What you return must be the full listing, word for word, with no images in it.

#### [GIVEN MATERIAL]
>>>
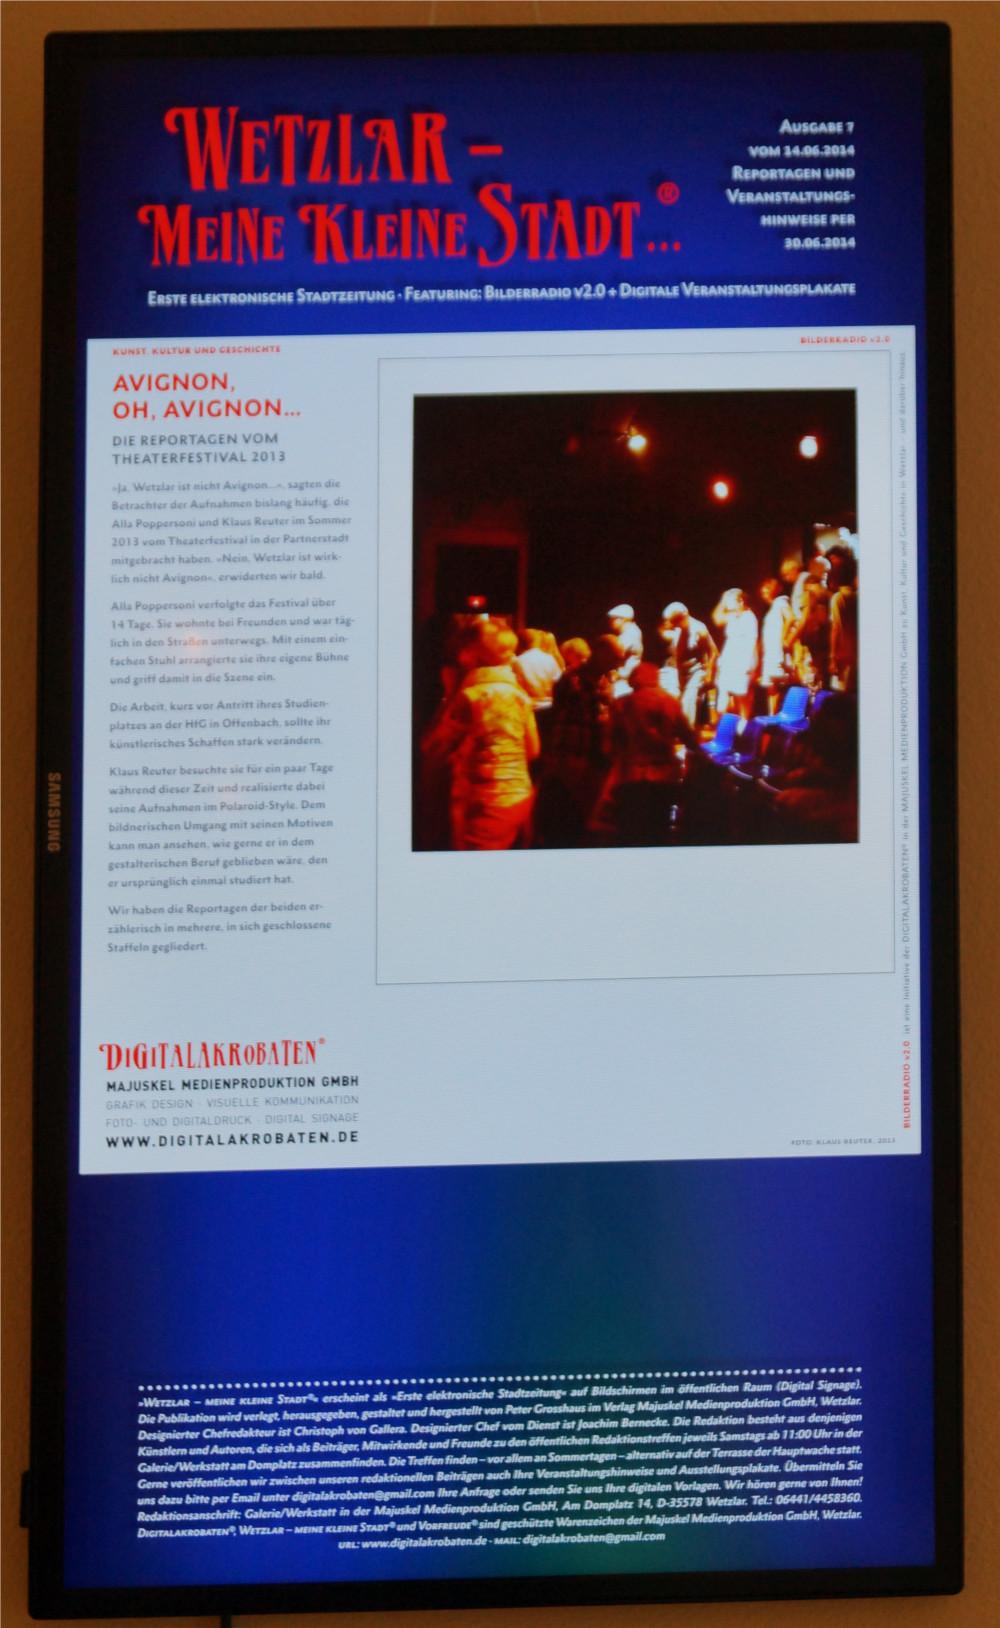 Bilder erzählen Geschichten - über das Theaterfestival in der Wetzlarer Partnerstadt Avignon. Foto: Mittelhessenblog.de
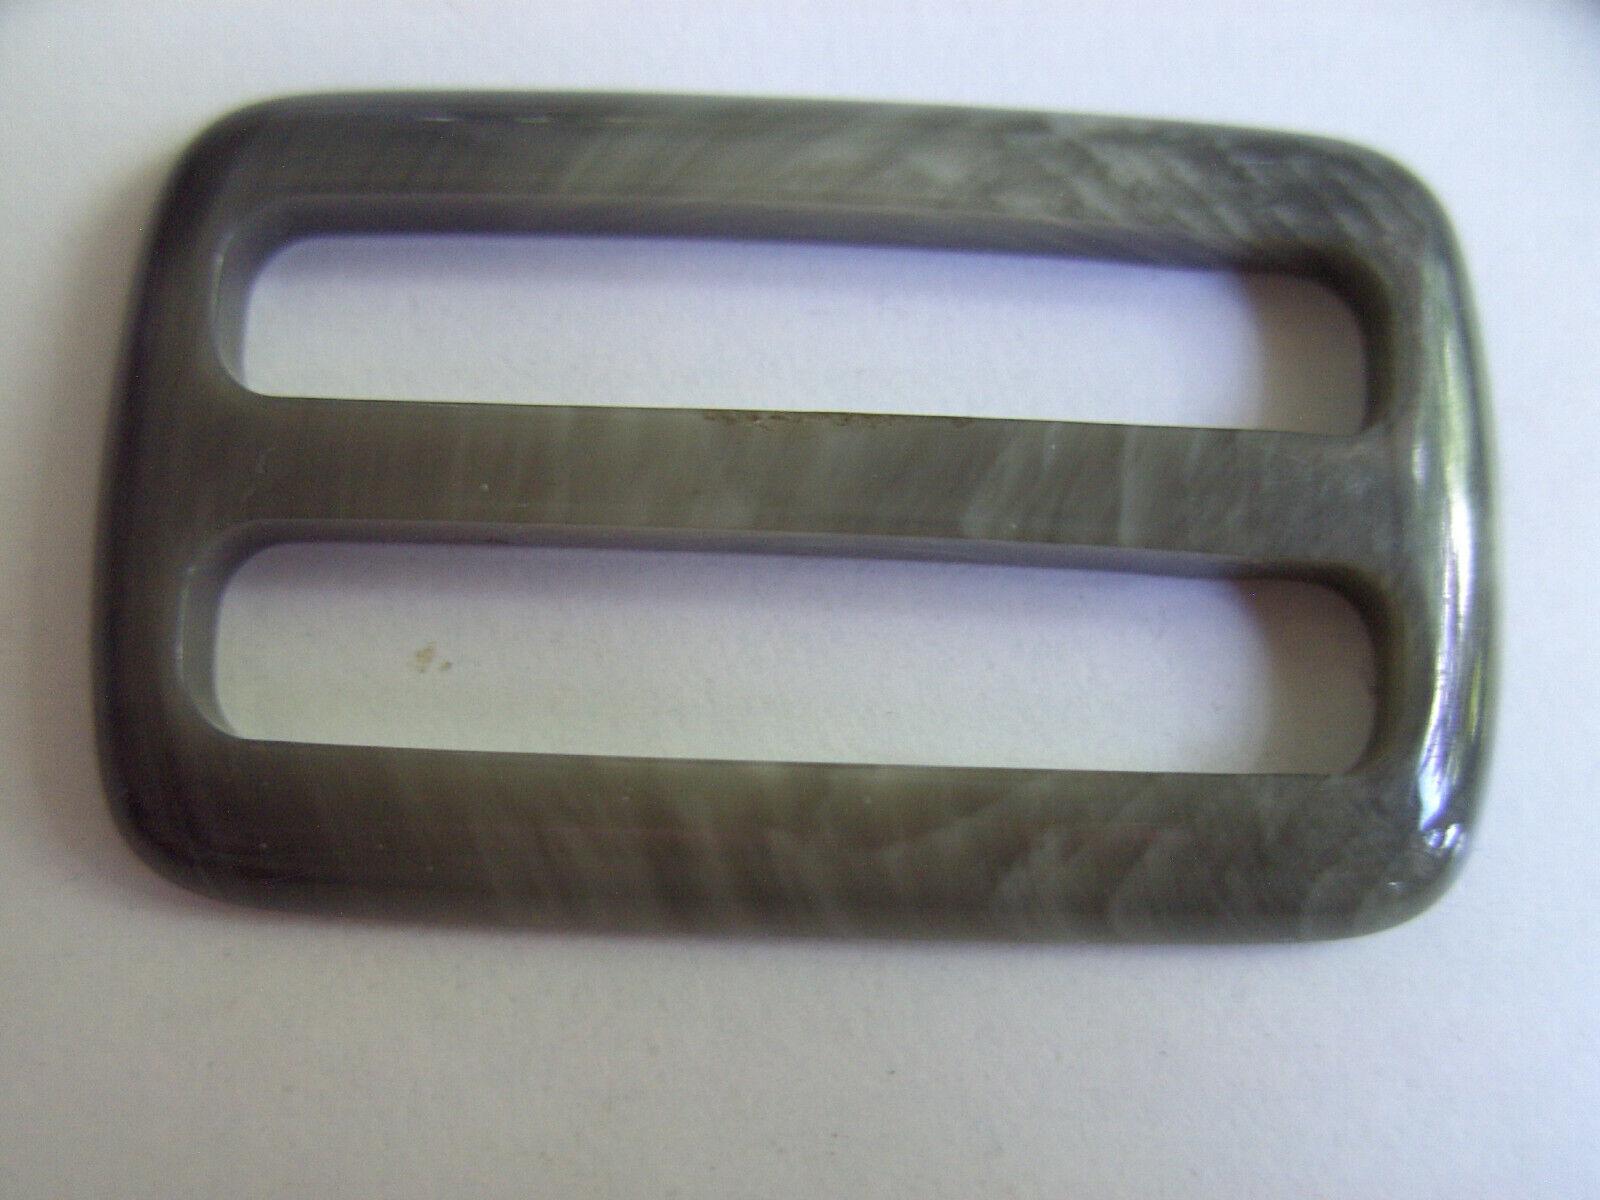 1 schöne rechteckige Gürtelschnalle, Kunststoff grün olive 6,3x3,8 cm 5 cm innen
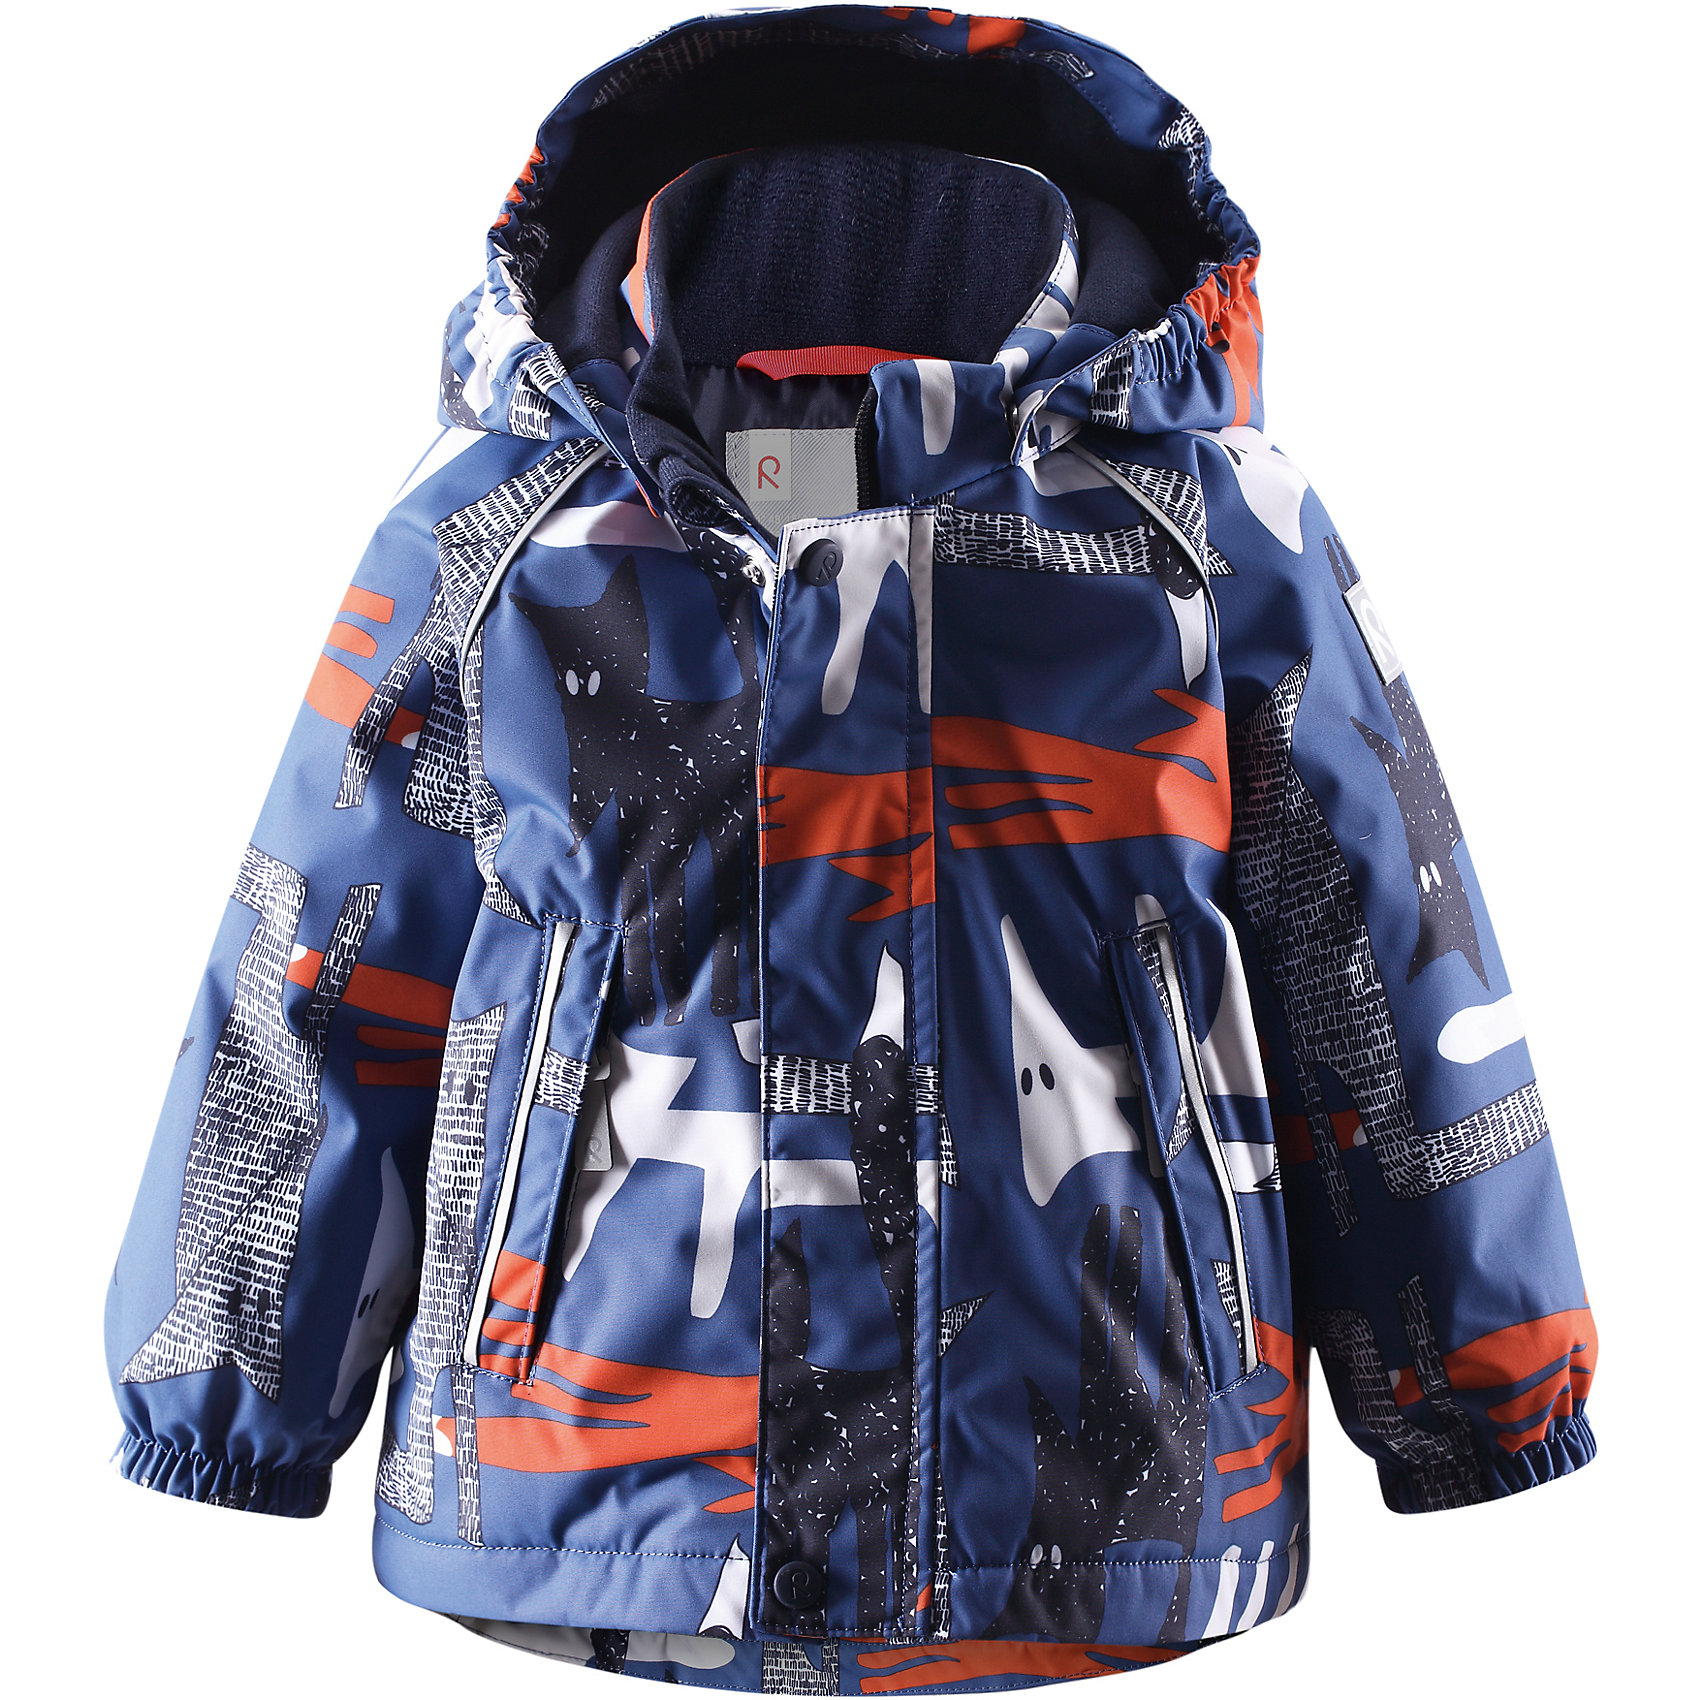 Куртка для мальчика Reimatec® ReimaХитрые лисички спрятались в каждой прелестной курточке для малышей! Водонепроницаемая зимняя мембранная куртка для малышей с весёлым принтом просто создана для зимних развлечений! Водонепроницаемая зимняя куртка пошита из ветронепроницаемого, пропускающего воздух материала, который отталкивает грязь и влагу. Все швы куртки от Reimatec® (Рейматек) проклеены, водонепроницаемы, чтобы никакая погода не смогла помешать весёлым зимним приключениям! Ткань пропускает воздух, поэтому ребёнок не вспотеет, как бы быстро он ни двигался. Чтобы куртка легко одевалась и удобно носилась с тёплым промежуточным слоем, она имеет подкладку из гладкого полиэстера. Вы заметили, что к куртке можно легко пристегнуть многие из промежуточных слоёв Reima? Благодаря удобным кнопкам для пристегивания промежуточного слоя к верхней одежде по системе Playlayers®, многие флисовые кофты можно пристегнуть к куртке, чтобы малышу было теплее и комфортнее. Съёмный и регулируемый капюшон не только защищает от холодного ветра, но и безопасен во время игр на свежем воздухе! Если закреплённый кнопками капюшон зацепится за что-нибудь, он легко отстегнётся. Капюшон отделан мягким полиэстером с начёсом. Когда пойдёте гулять, в карманы на молниях можно положить крошечные сокровища, а светоотражающие детали обеспечат видимость в темноте. Эта куртка не требует особого ухода. Можно сушить в центрифуге.<br><br>Водонепроницаемая зимняя куртка для малышей<br>Все швы проклеены, водонепроницаемы<br>Безопасный съёмный капюшон<br>Два кармана на молниях<br>Светоотражающие детали для безопасности<br>Состав:<br>100% ПЭ, ПУ-покрытие<br>Средняя степень утепления (до - 20)<br><br>Куртку Reimatec® (Рейматек) Reima (Рейма) можно купить в нашем магазине.<br><br>Ширина мм: 356<br>Глубина мм: 10<br>Высота мм: 245<br>Вес г: 519<br>Цвет: голубой<br>Возраст от месяцев: 24<br>Возраст до месяцев: 36<br>Пол: Мужской<br>Возраст: Детский<br>Размер: 98,92,80,74,86<br>SKU: 4208113
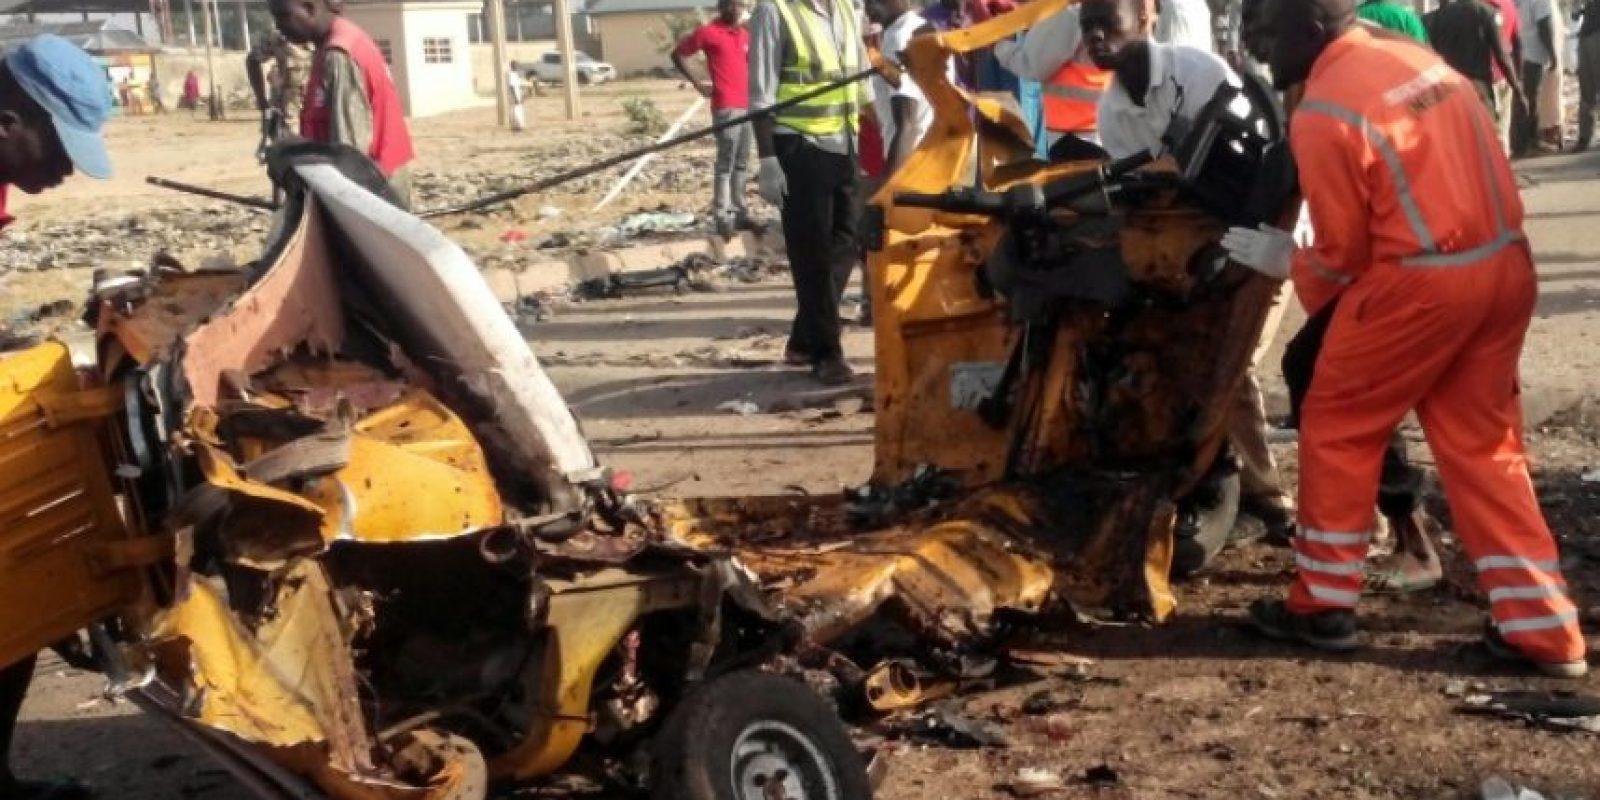 Restos de un vehículo destrozado en uno de los dos atentados suicidas producidos en Maiduguri (noreste de Nigeria) este 29 de octubre de 2016 Foto:Joshoua Omirin/afp.com
<<<
#### [YOUR RESPONSE]
 Bilder erzählen Geschichten - über das Theaterfestival in der Wetzlarer Partnerstadt Avignon. Foto: Mittelhessenblog.de
 1 schöne rechteckige Gürtelschnalle, Kunststoff grün olive 6,3x3,8 cm 5 cm innen
 Куртка для мальчика Reimatec® ReimaХитрые лисички спрятались в каждой прелестной курточке для малышей! Водонепроницаемая зимняя мембранная куртка для малышей с весёлым принтом просто создана для зимних развлечений! Водонепроницаемая зимняя куртка пошита из ветронепроницаемого, пропускающего воздух материала, который отталкивает грязь и влагу. Все швы куртки от Reimatec® (Рейматек) проклеены, водонепроницаемы, чтобы никакая погода не смогла помешать весёлым зимним приключениям! Ткань пропускает воздух, поэтому ребёнок не вспотеет, как бы быстро он ни двигался. Чтобы куртка легко одевалась и удобно носилась с тёплым промежуточным слоем, она имеет подкладку из гладкого полиэстера. Вы заметили, что к куртке можно легко пристегнуть многие из промежуточных слоёв Reima? Благодаря удобным кнопкам для пристегивания промежуточного слоя к верхней одежде по системе Playlayers®, многие флисовые кофты можно пристегнуть к куртке, чтобы малышу было теплее и комфортнее. Съёмный и регулируемый капюшон не только защищает от холодного ветра, но и безопасен во время игр на свежем воздухе! Если закреплённый кнопками капюшон зацепится за что-нибудь, он легко отстегнётся. Капюшон отделан мягким полиэстером с начёсом. Когда пойдёте гулять, в карманы на молниях можно положить крошечные сокровища, а светоотражающие детали обеспечат видимость в темноте. Эта куртка не требует особого ухода. Можно сушить в центрифуге.<br><br>Водонепроницаемая зимняя куртка для малышей<br>Все швы проклеены, водонепроницаемы<br>Безопасный съёмный капюшон<br>Два кармана на молниях<br>Светоотражающие детали для безопасности<br>Состав:<br>100% ПЭ, ПУ-покрытие<br>Средняя степень утепления (до - 20)<br><br>Куртку Reimatec® (Рейматек) Reima (Рейма) можно купить в нашем магазине.<br><br>Ширина мм: 356<br>Глубина мм: 10<br>Высота мм: 245<br>Вес г: 519<br>Цвет: голубой<br>Возраст от месяцев: 24<br>Возраст до месяцев: 36<br>Пол: Мужской<br>Возраст: Детский<br>Размер: 98,92,80,74,86<br>SKU: 4208113
 Restos de un vehículo destrozado en uno de los dos atentados suicidas producidos en Maiduguri (noreste de Nigeria) este 29 de octubre de 2016 Foto:Joshoua Omirin/afp.com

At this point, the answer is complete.